Our recent study showed that SARS-CoV-2 form a sister group to two SARS-like bat viruses (bat-SL-CoVZC45 and bat-SL-CoVZXC21) [1] that were collected in Zhoushan, Zhejiang Province, China, from 2015 to 2017 [2]. A subsequently released sequence of a bat coronavirus (BatCoV RaTG13) isolated in Yunnan in 2013 was found to be more similar to the sequences of SARS-CoV-2 [3], which is confirmed by our phylogenetic analysis based on whole genome sequences (Figure S1). Therefore, we used BatCoV RaTG13 and the two SARS-like bat viruses (bat-SL-CoVZC45 and bat-SL-CoVZXC21) as an outgroup to study the origin and transmission history of SARS-CoV-2.
Materials and Methods
The complete genomes of SARS-CoV-2 samples were obtained from GISAID (www.gisaid.org), NCBI and NMDC (http://nmdc.cn/#/nCov/). Alignment of the complete genome sequences and that of BatCoV RaTG13 was carried out by MAFFT [4].
We identified genome variable sites from the sequence alignment using Noisy [5]. Variants that are present in at least two samples were used in our subsequence analysis. Some samples have unusually large number of mutation sites, which could be due to due to sequencing or assembly errors. These sequences were also excluded in our analysis.

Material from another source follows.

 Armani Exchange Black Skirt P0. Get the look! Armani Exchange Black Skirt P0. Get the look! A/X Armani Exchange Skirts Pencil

We inferred the phylogeny of the SARS-CoV-2 isolates based on the variable sites using the maximum likelihood (ML) method by FastTree [6]. The tRNA Adaptation Index (tAI), an indicator of codon translational efficiency, was computed using the tool Bio::CUA (https://metacpan.org/release/Bio-CUA), and the numbers of human tRNA genes for each codon (used for computing tAI) were downloaded from http://gtrnadb.ucsc.edu.
Results and discussions
We obtained 169 complete genomes of SARS-CoV-2 samples and identified variable sites based on whole genome alignment (Figure 1). In most cases, different SARS-CoV-2 genomes only differ in 0 to 3 sites. A total number of 207 variable sites were identified (Figure S2). It shows that the amplitude of mutations is small, and their evolution history can be inferred from these variable sites.

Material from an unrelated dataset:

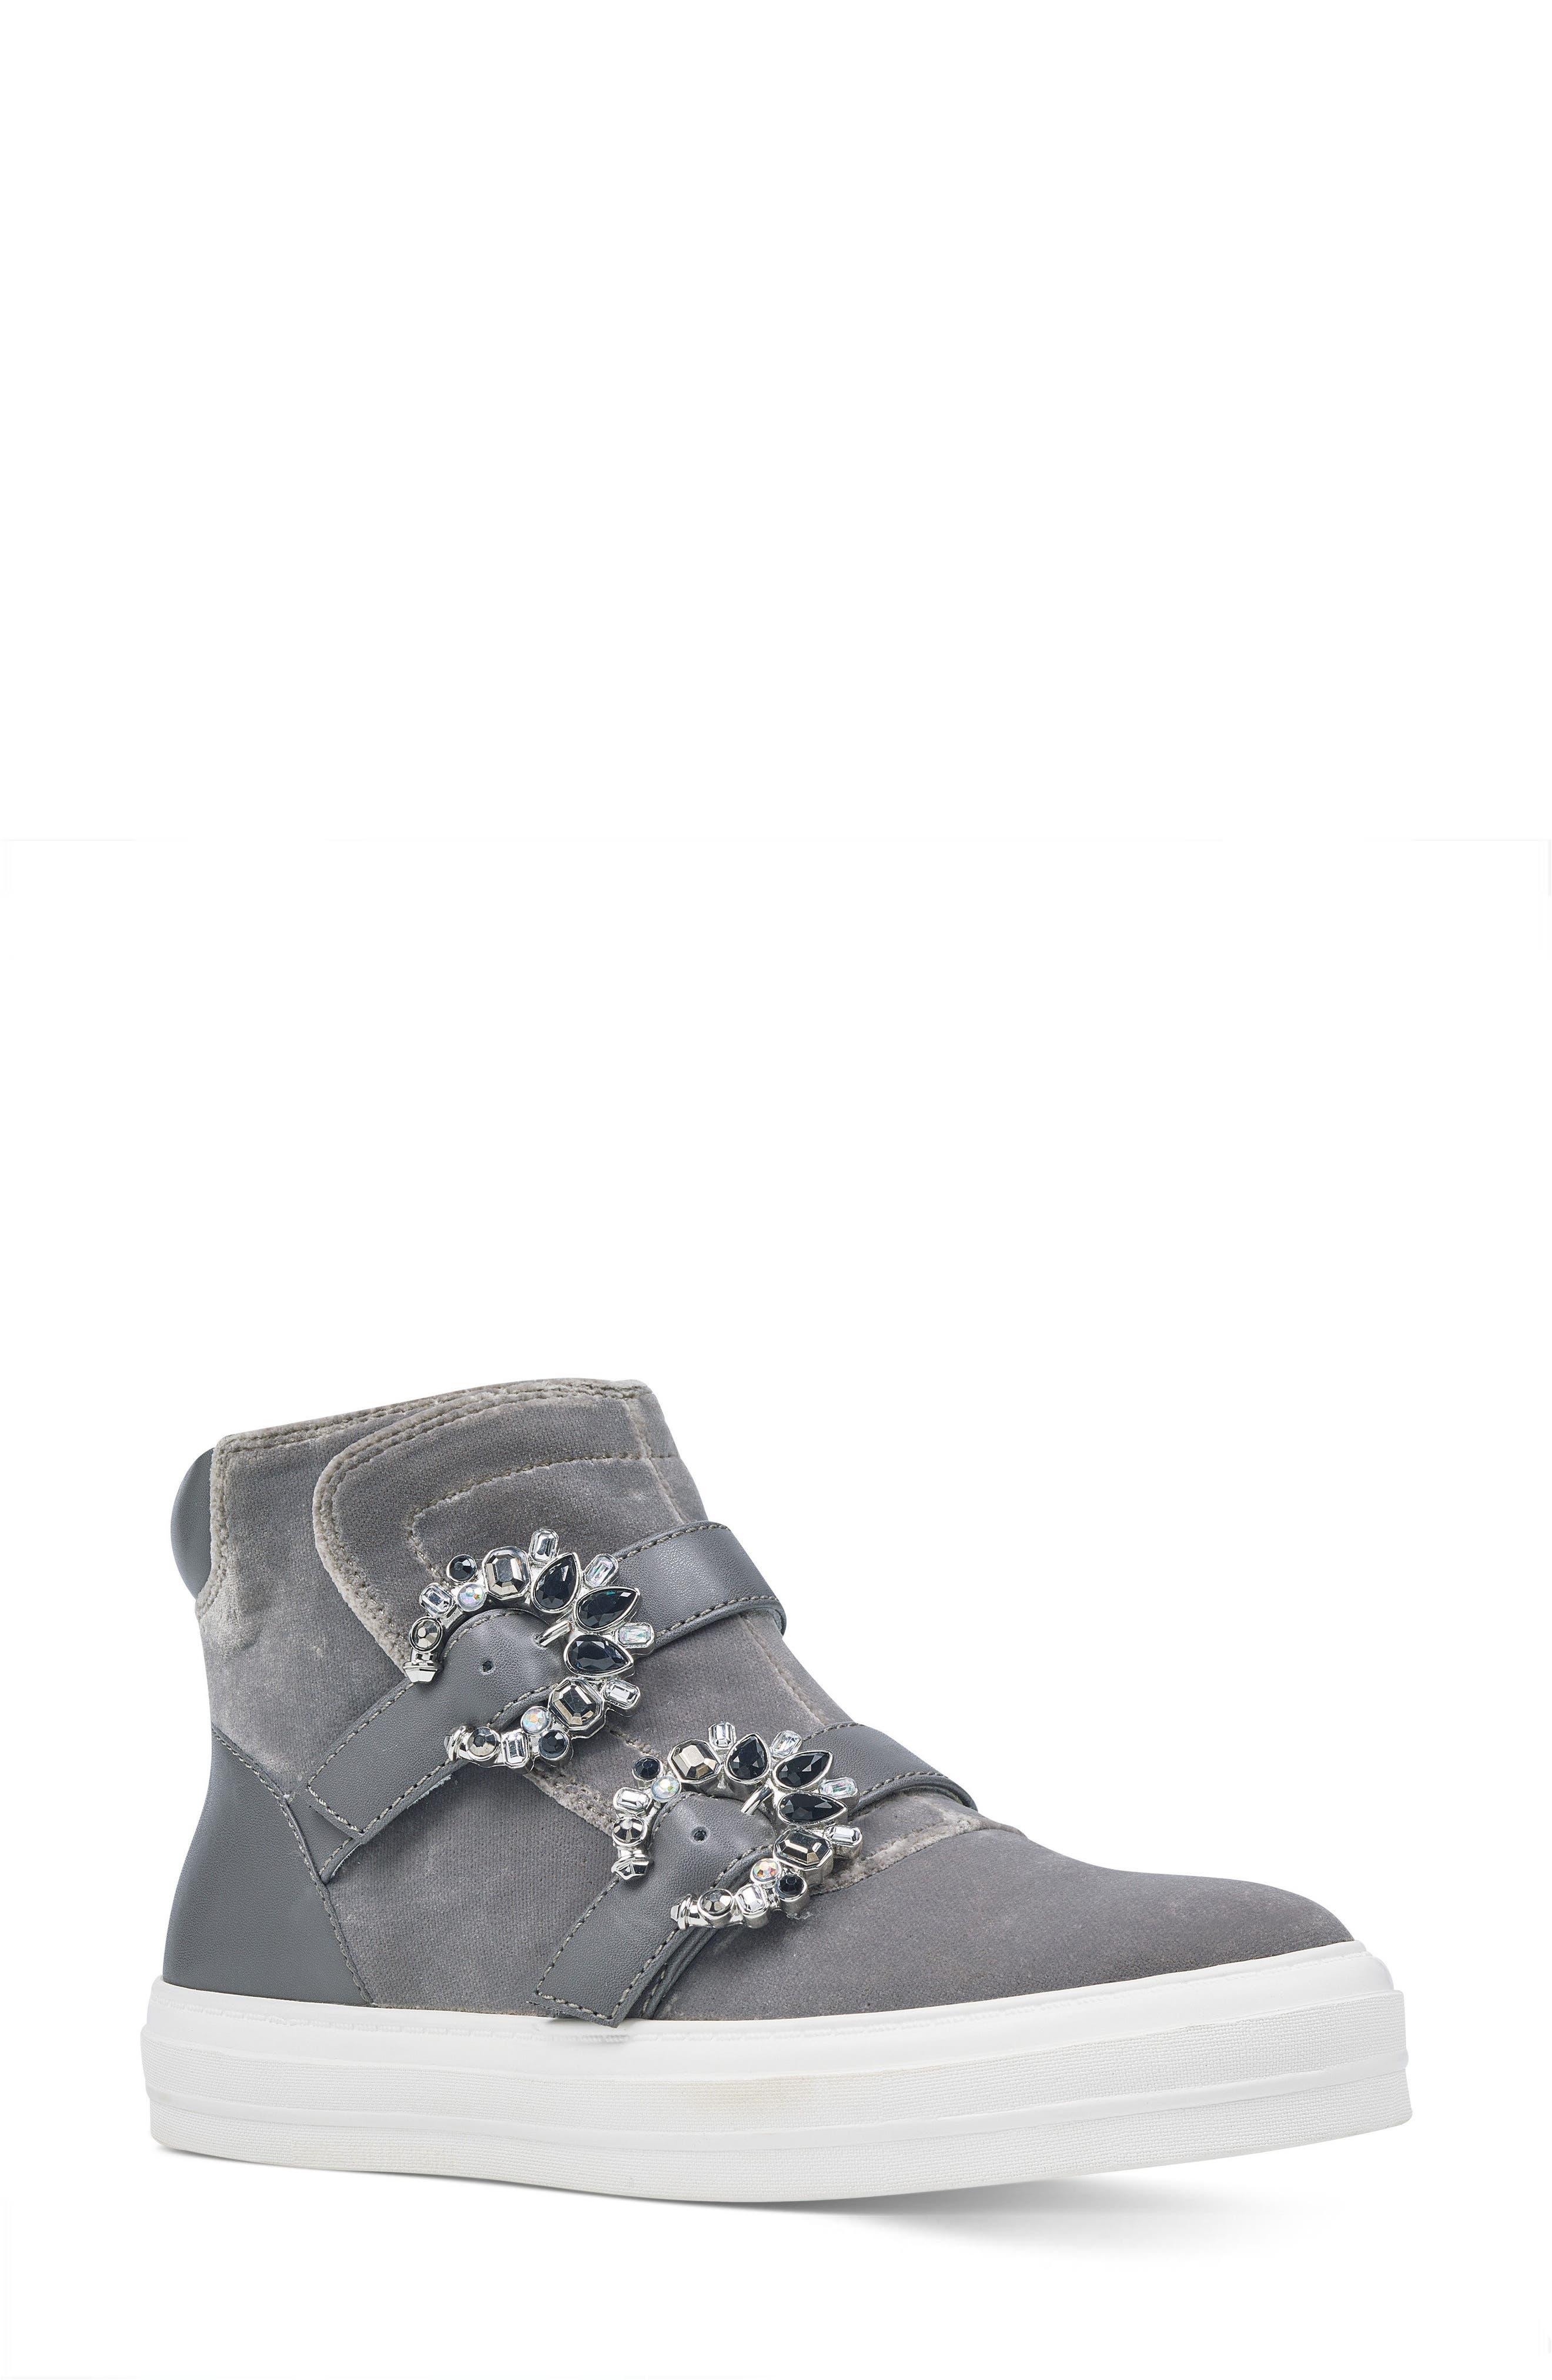 Main Image - Nine West Orisna High Top Sneaker (Women)

Their phylogenetic relationships reveal two major genotypes from the SARS-CoV-2 samples, namely Type I and II (Figures 1A, S3 and S4). The genomes of the two types mainly differ at three sites (Figure 1B), which are 8750, 28112, and 29063, using the genome coordinates of sample MN938384.1 as a reference. Specifically, the nucleotides at the three sites are T, C, and T/C in Type I, and C, T, and C in Type II, respectively. Based on the nucleotide at the site 29063, the Type I strains can be further divided into Type IA and IB. The number of genomes belonging to Type IA, IB and II are 11, 37, and 121, respectively.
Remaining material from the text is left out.